8-A12B 1 d46382d8a12b.htm 8-A12B 8-A12B

 

 

UNITED STATES

SECURITIES AND EXCHANGE COMMISSION

Washington, D.C. 20549

 

 

FORM 8-A

 

 

FOR REGISTRATION OF CERTAIN CLASSES OF SECURITIES

PURSUANT TO SECTION 12(b) OR 12(g) OF THE

SECURITIES EXCHANGE ACT OF 1934

 

 

STIFEL FINANCIAL CORP.

(Exact name of registrant as specified in its charter)

 

 

 

Delaware   43-1273600
(State or other jurisdiction of incorporation or organization)   (IRS Employer Identification No.)

One Financial Plaza

501 North Broadway

St. Louis, MO

  63102-2102
(Address of principal executive offices)   (Zip Code)

Securities to be registered pursuant to Section 12(b) of the Act:

 

Title of each class

to be so registered

 

Name of each exchange on which

each class is to be so registered

Depositary Shares, Each Representing 1/1,000th Interest in a Share of 4.50% Non-Cumulative Preferred Stock, Series D   New York Stock Exchange

 

 

If this form relates to the registration of a class of securities pursuant to Section 12(b) of the Exchange Act and is effective pursuant to General Instruction A.(c) or (e), check the following box.  ☒

If this form relates to the registration of a class of securities pursuant to Section 12(g) of the Exchange Act and is effective pursuant to General Instruction A.(d) or (e), check the following box.  ☐

If this form relates to the registration of a class of securities concurrently with a Regulation A offering, check the following box.  ☐

Securities Act registration statement or Regulation A offering statement file number to which this form relates:

333-238118 (if applicable)

Securities to be registered pursuant to Section 12(g) of the Act:

None

 

 

 


INFORMATION REQUIRED IN REGISTRATION STATEMENT

Item 1. Description of Securities to be Registered.

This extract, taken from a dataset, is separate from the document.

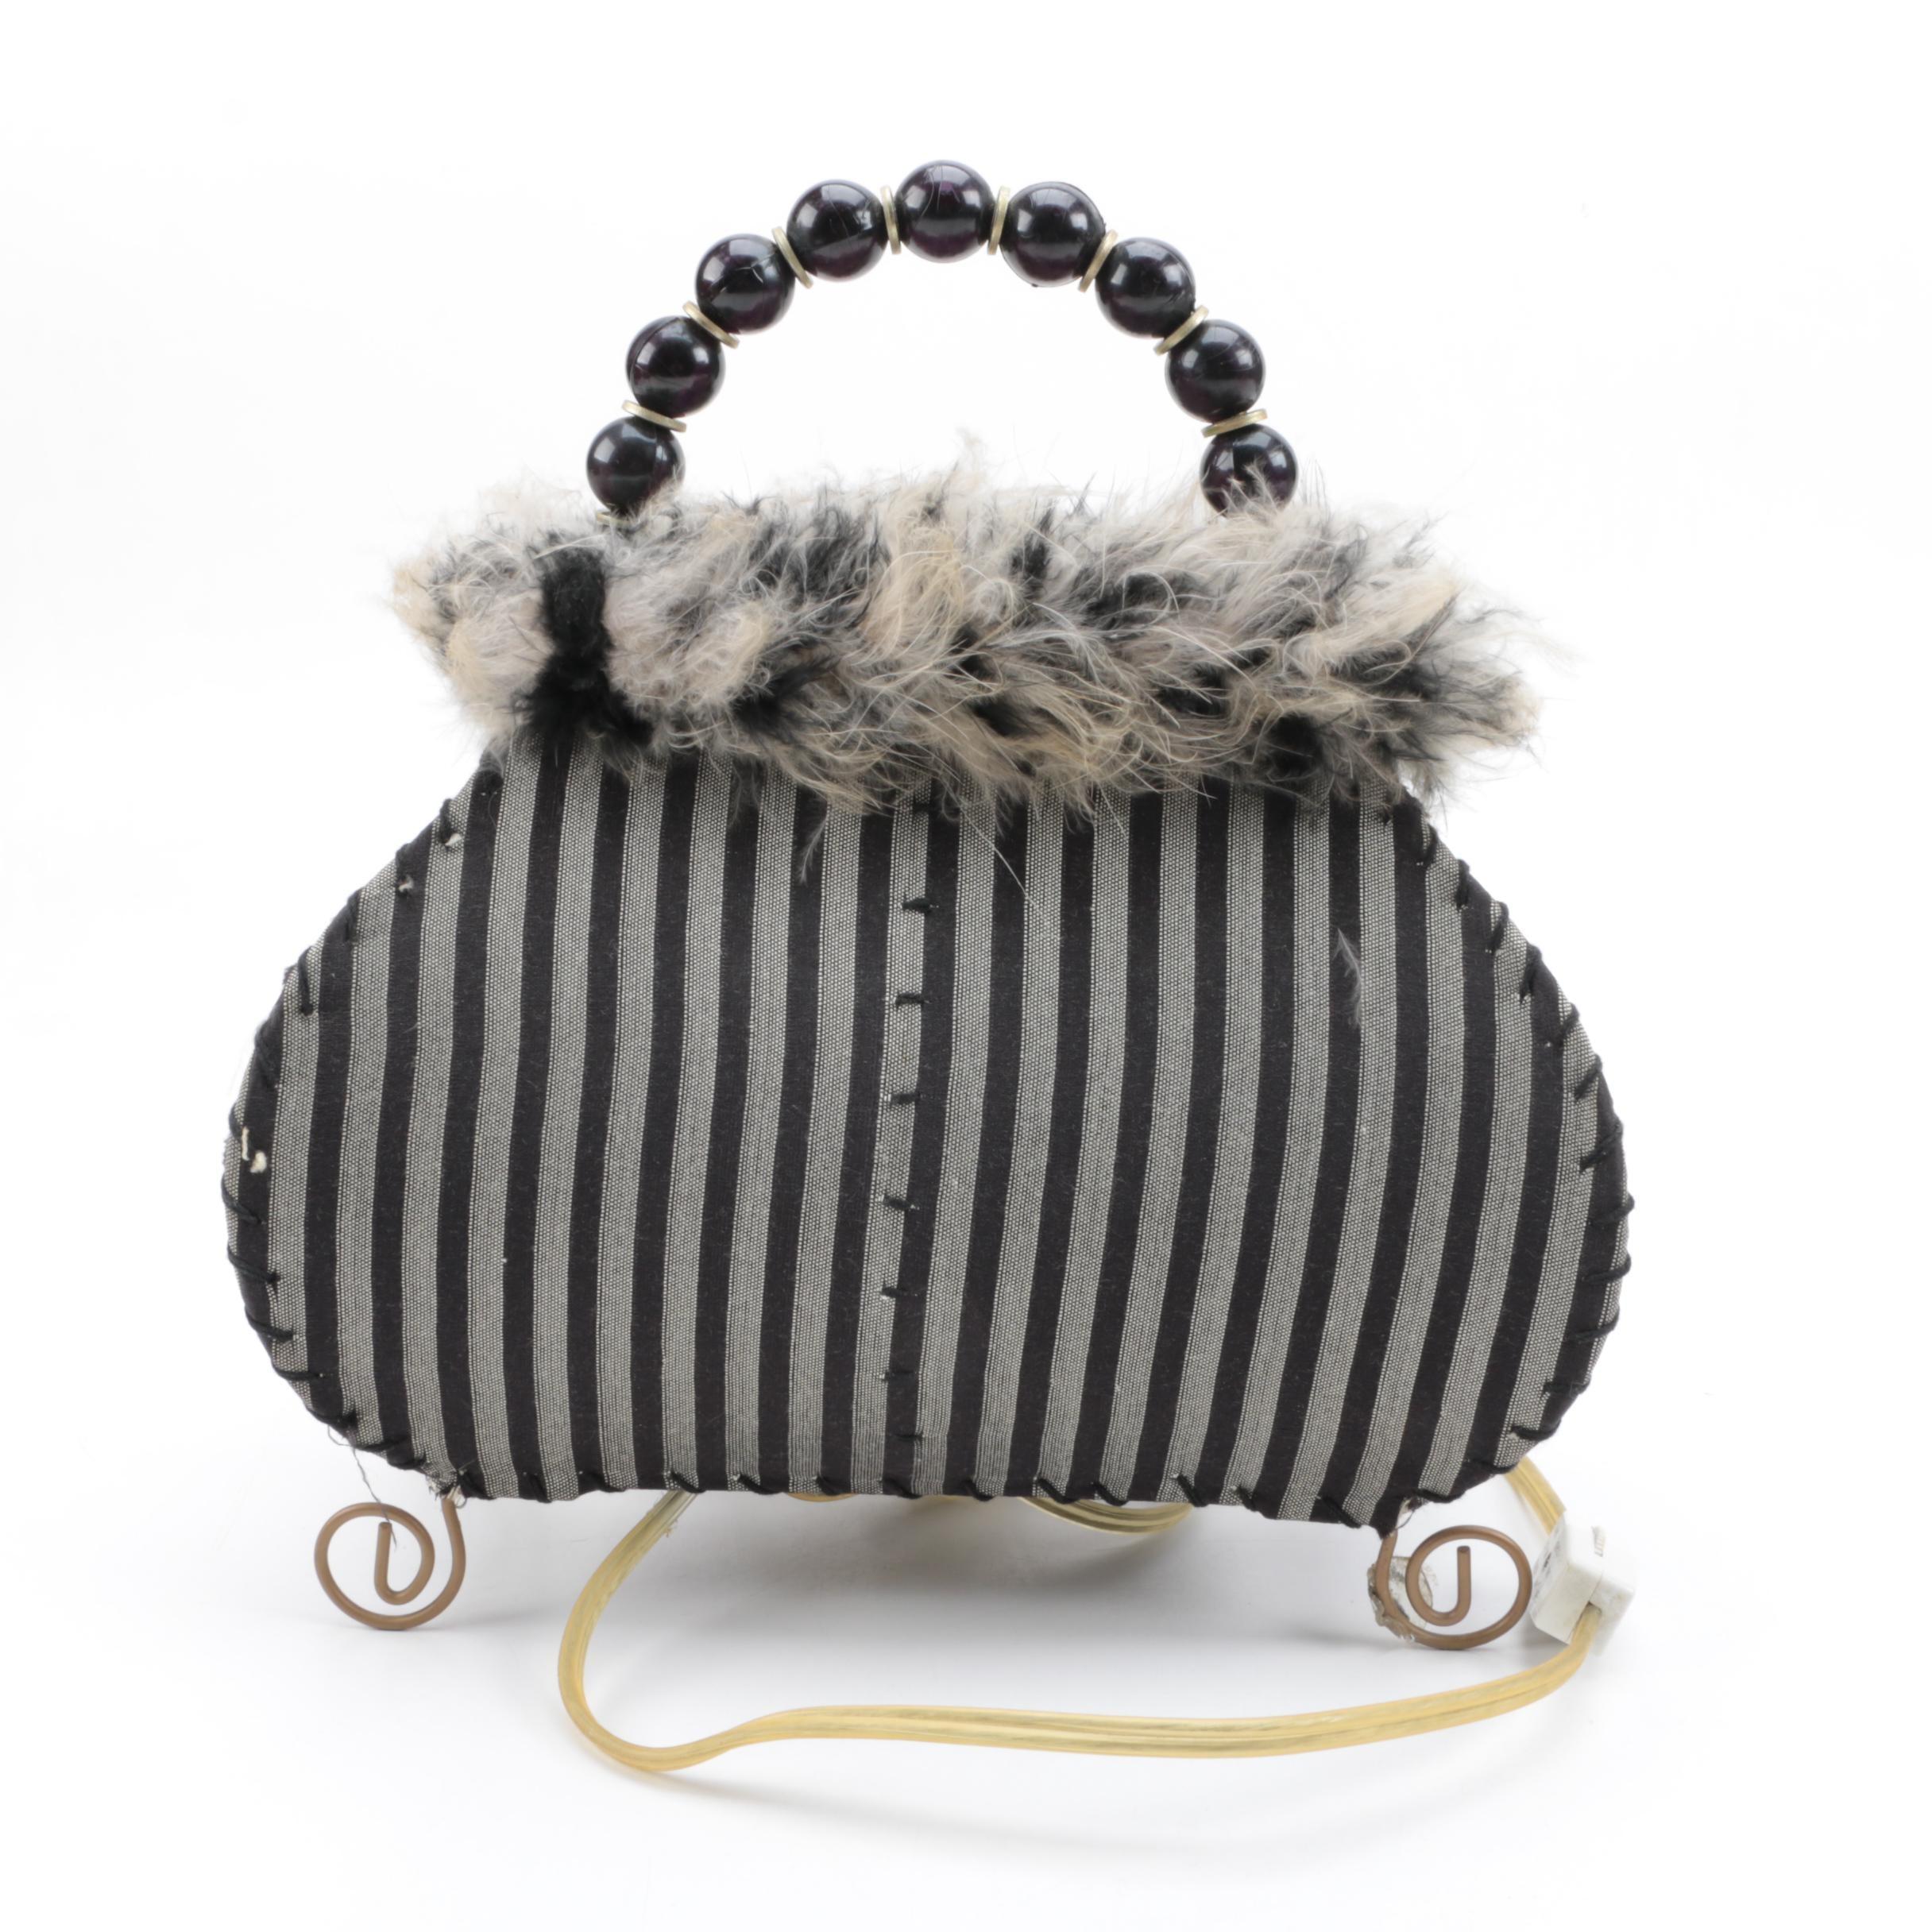 Novelty Handbag Accent Lamp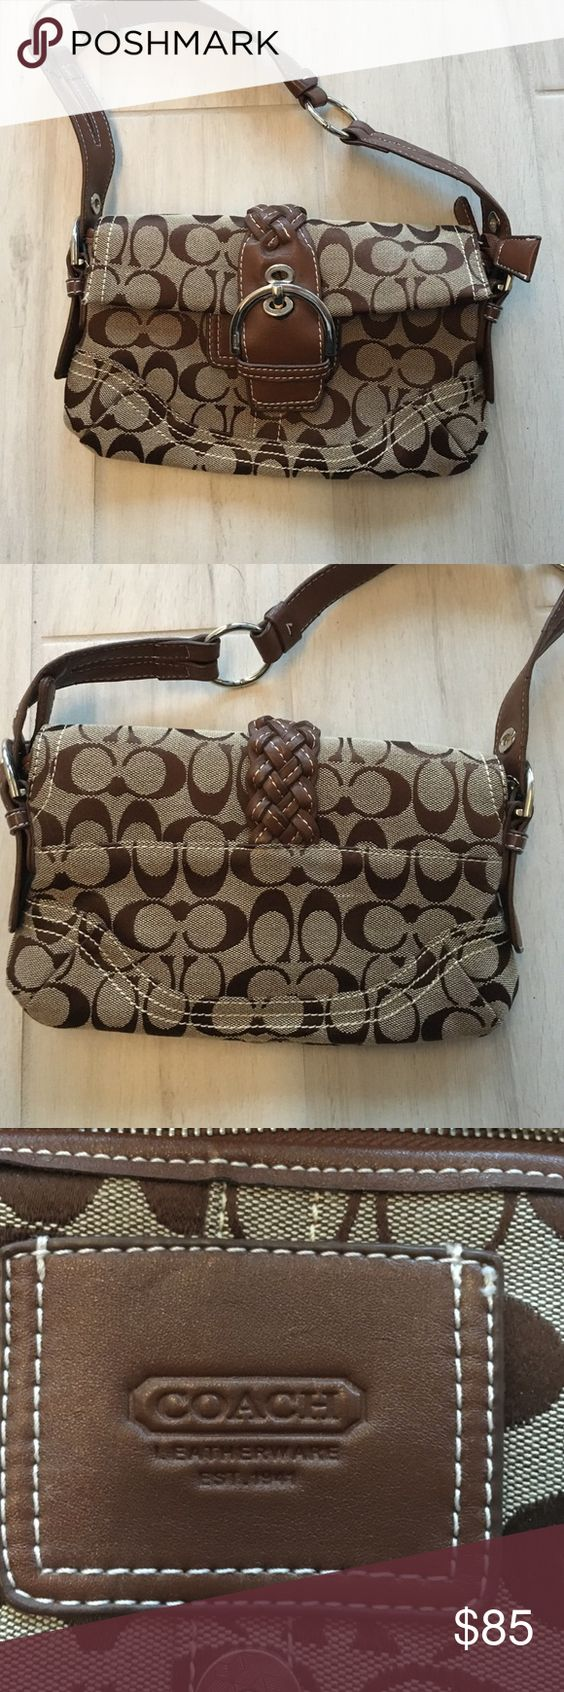 Brown COACH handbag 👜 Never used ⭐️ Brown COACH handbag! Coach Bags

The securities to be registered hereby are the depositary shares (the “Depositary Shares”), each representing a 1/1,000th interest in a share of 4.50% Non-Cumulative Preferred Stock, Series C, $1.00 par value per share and $25,000 liquidation preference per share (the “Series D Preferred Stock”), of Stifel Financial Corp. (the “Registrant”). The descriptions of the Series D Preferred Stock and the Depositary Shares are contained in the sections captioned “Description of the Series D Preferred Stock” and “Description of the Depositary Shares,” each in the Registrant’s Prospectus Supplement, dated July 15, 2021, to the Registrant’s Prospectus, dated May 8, 2020, included in the Registrant’s registration statement on Form S-3 (File No. 333-238118) and each of those sections is incorporated herein by reference.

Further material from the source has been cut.